Repeat the whole listing word for word, skipping pictures.

*** Opening AVAILABLE DATA ***

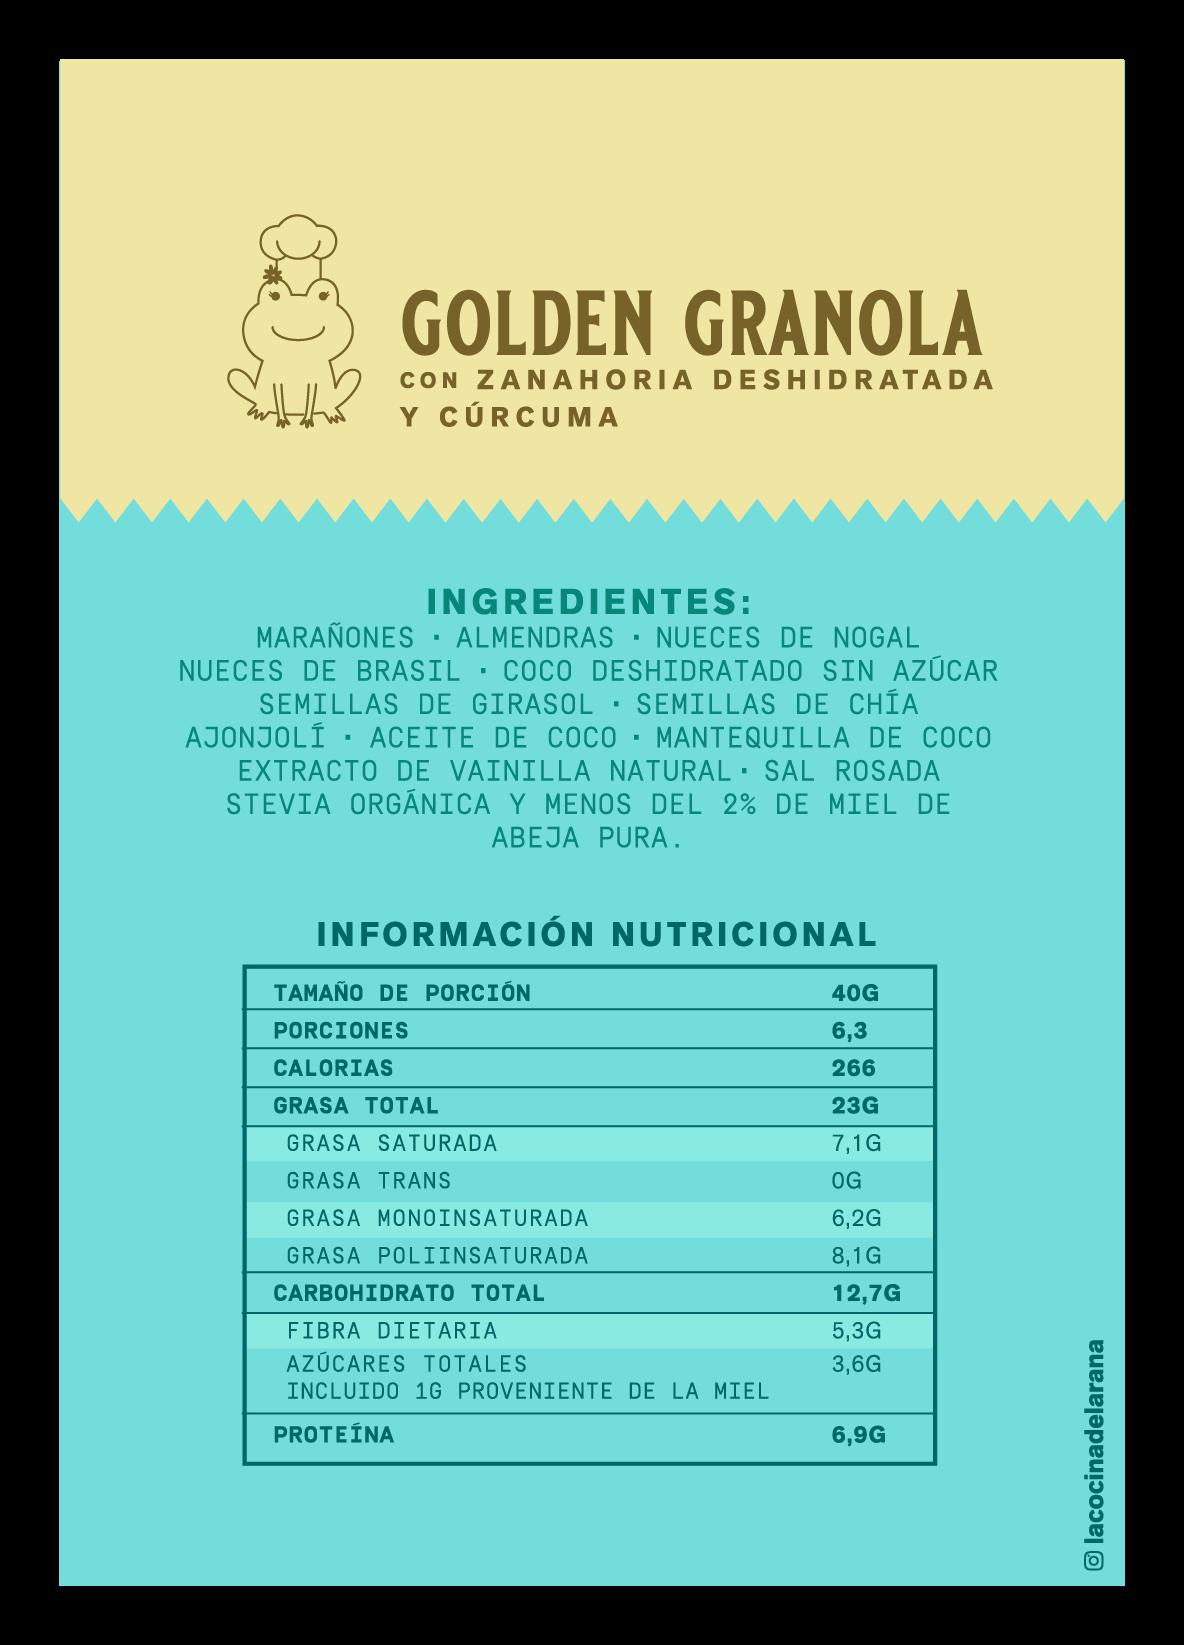 Golden granola
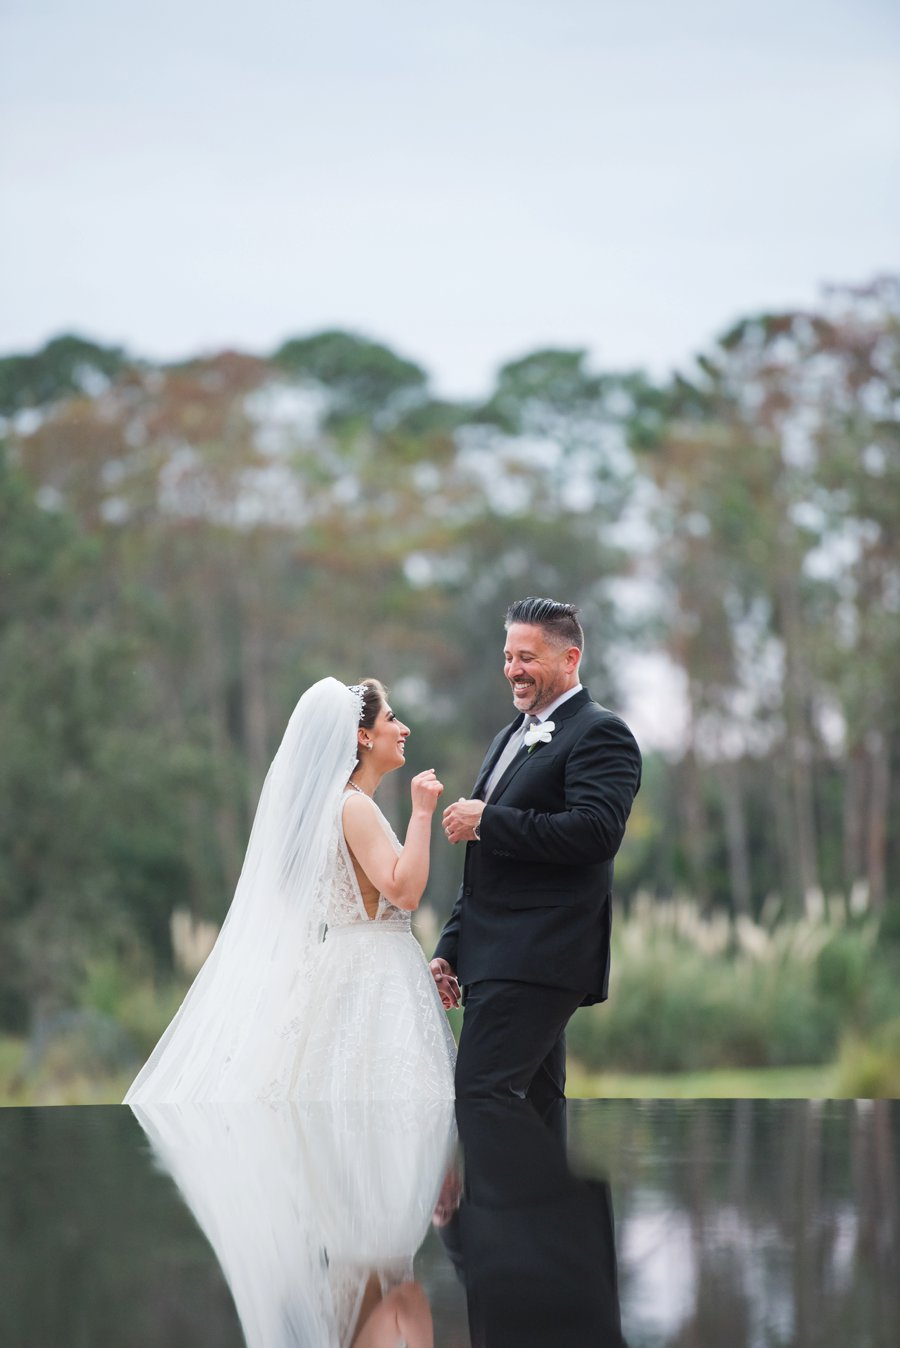 A Elegant Silver & White Black Tie Wedding via TheELD.com
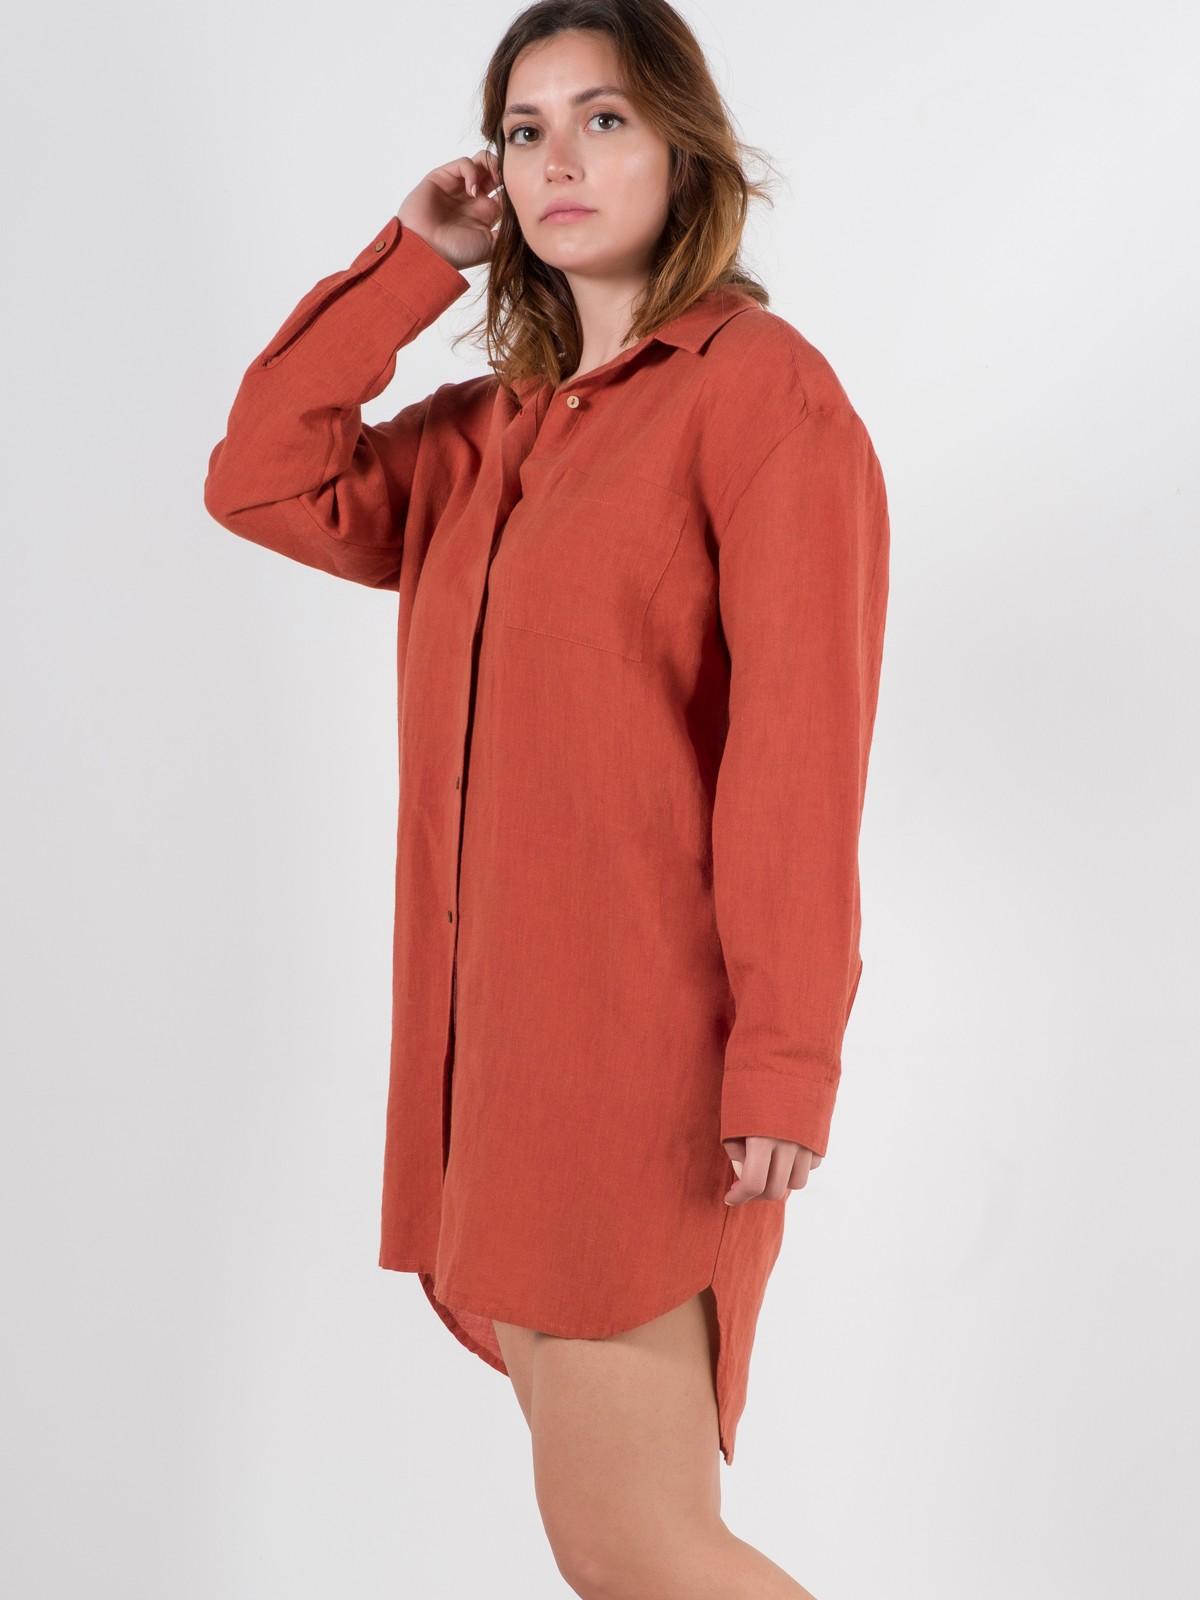 turuncu-gomlek-elbise3-1200x1600w
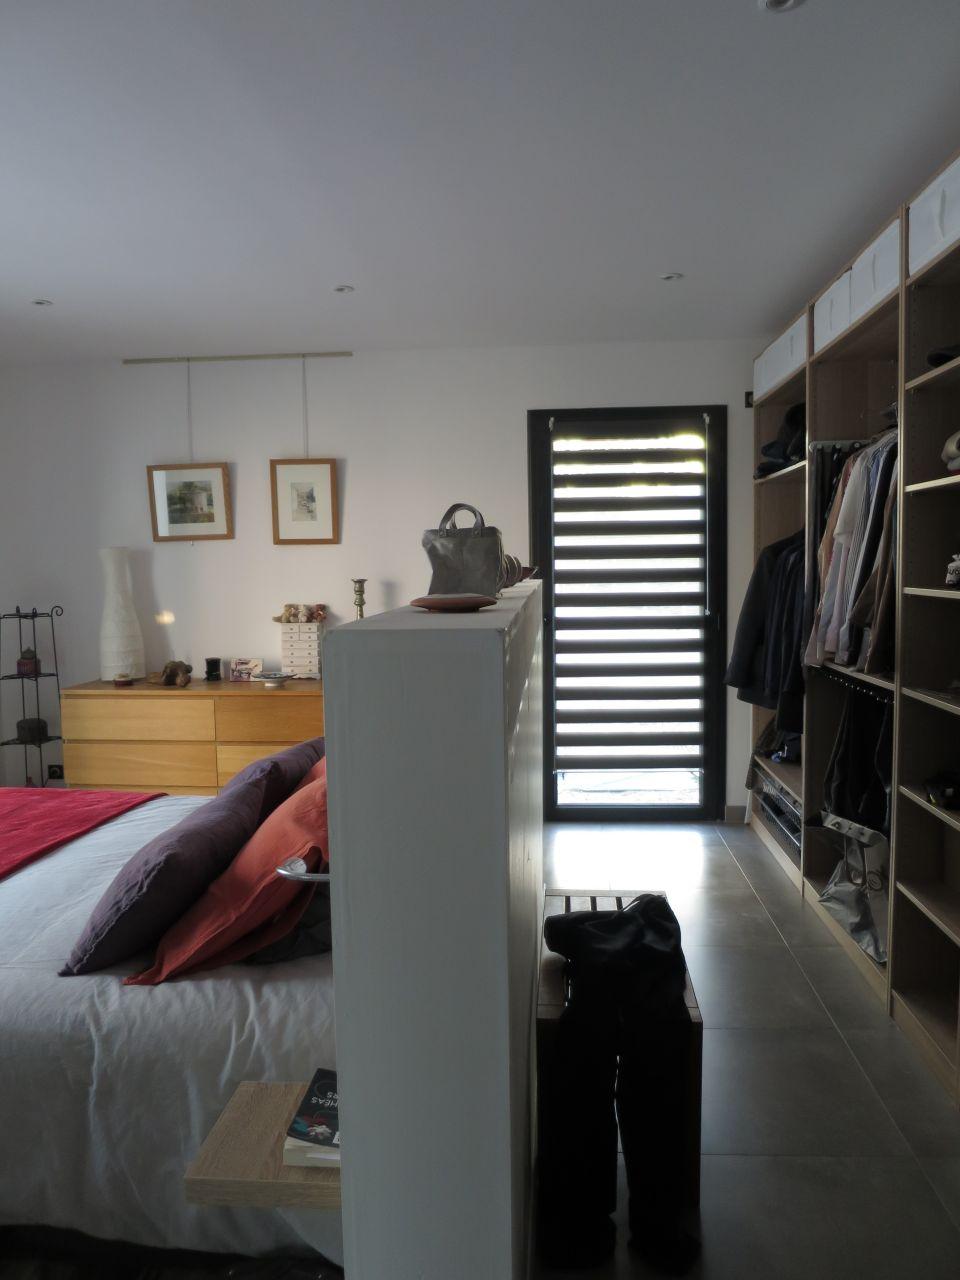 photo pose du store c t dressing d coration chambre d. Black Bedroom Furniture Sets. Home Design Ideas

*** Closing AVAILABLE DATA ***

* [RESPONSE AREA]
 Golden granola
 A Elegant Silver & White Black Tie Wedding via TheELD.com
 turuncu-gomlek-elbise3-1200x1600w
 photo pose du store c t dressing d coration chambre d. Black Bedroom Furniture Sets. Home Design Ideas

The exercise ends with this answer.